There is no machinery provided for summoning of witnesses, or of compelling production of documents in an enquiry under Section 36. The returning officer is entitled to act 'Suo motu' in the matter. When one compares this procedure with that prescribed for trial of election petitions by the Election Tribunal under Sections 90 and 92 of the Act, the difference between the two becomes marked. While the proceedings before the Election Tribunal approximate in all essential matters to proceedings in civil courts, the proceedings under Section 36 present a different picture.

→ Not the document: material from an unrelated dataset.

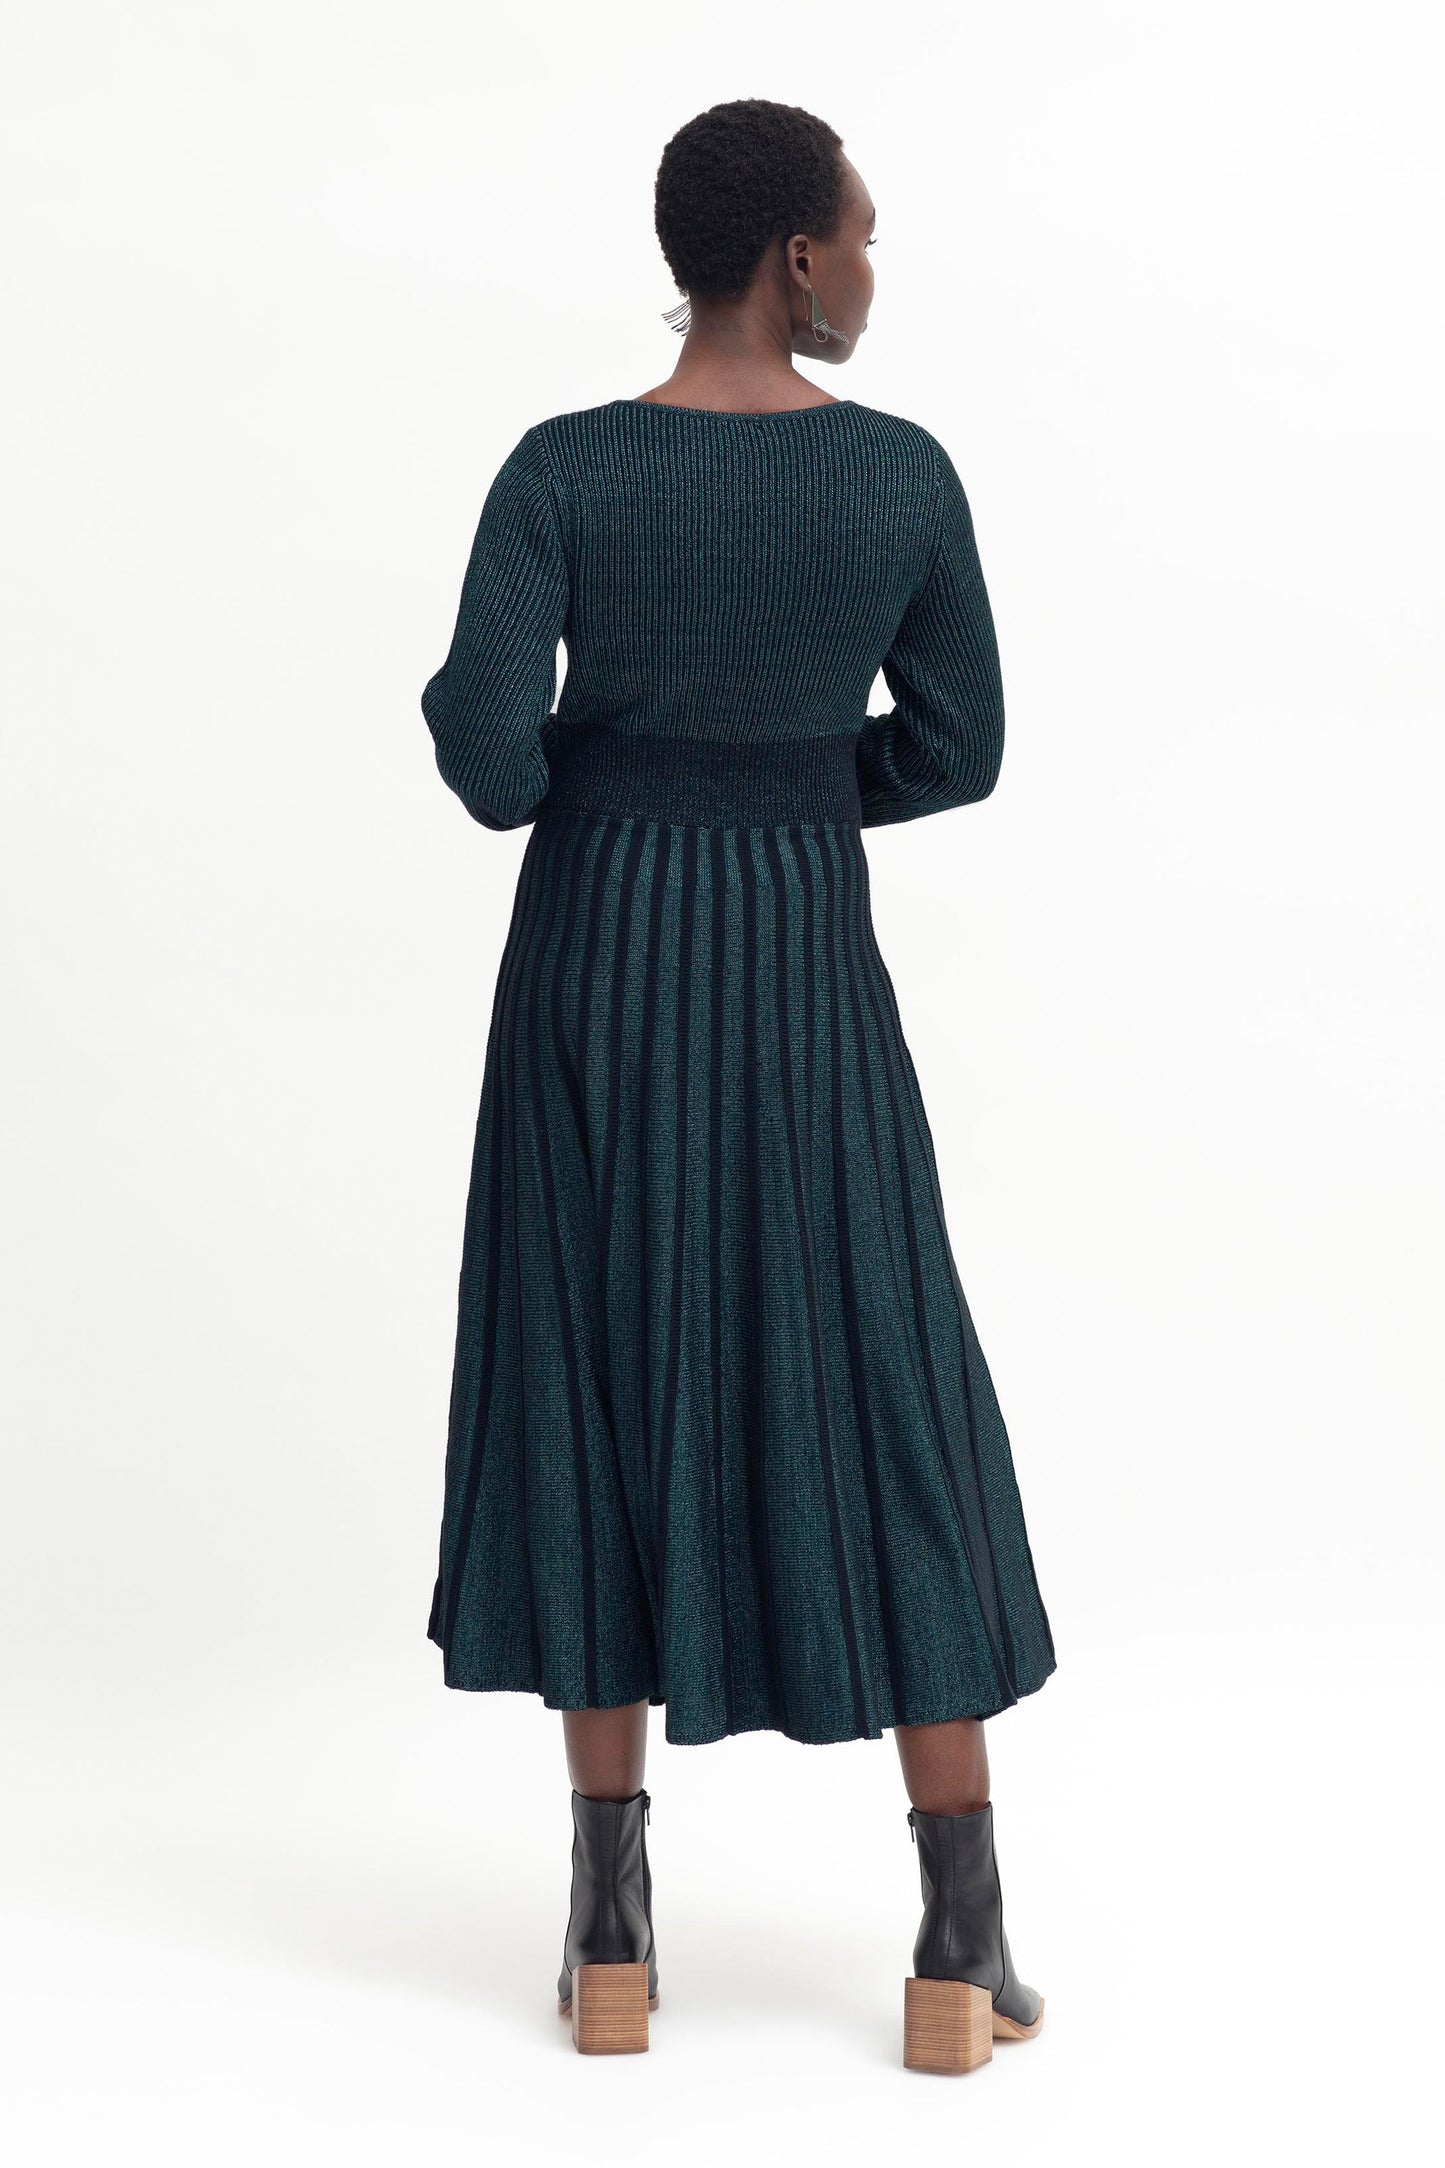 Glittra Lurex Knit Metallic Dress Model Back | TEAL METALLIC

There is no 'Lis' in which persons with opposing claims are entitled to have their rights adjudicated in a judicial manner, but an enquiry such as is usually conducted by an 'ad hoc' tribunal entrusted with a quasi-judicial power. In other words, the function of the returning official acting under Section 36 is judicial in character, but he is not to act judicially in discharging it. We are of opinion that the returning officer deciding on the validity of a nomination paper is not a Court for the purpose of Section 195 (1) (b) of the Code of Criminal Procedure, and the result is that even as regards the charge under Section 193, the order of the Magistrate was not appealable, as the offence was not committed in or in relation to any proceeding in a Court.'
The above observations have a direct bearing on the case. I would, accordingly, hold that the competent authority under the Act is not a Court and Clause (c) of Sub-section (1) of Section 195 of the Code of Criminal Procedure does not constitute a bar to the taking of cognizance of the present case by the trial Magistrate. The revision, consequently, fails and is dismissed.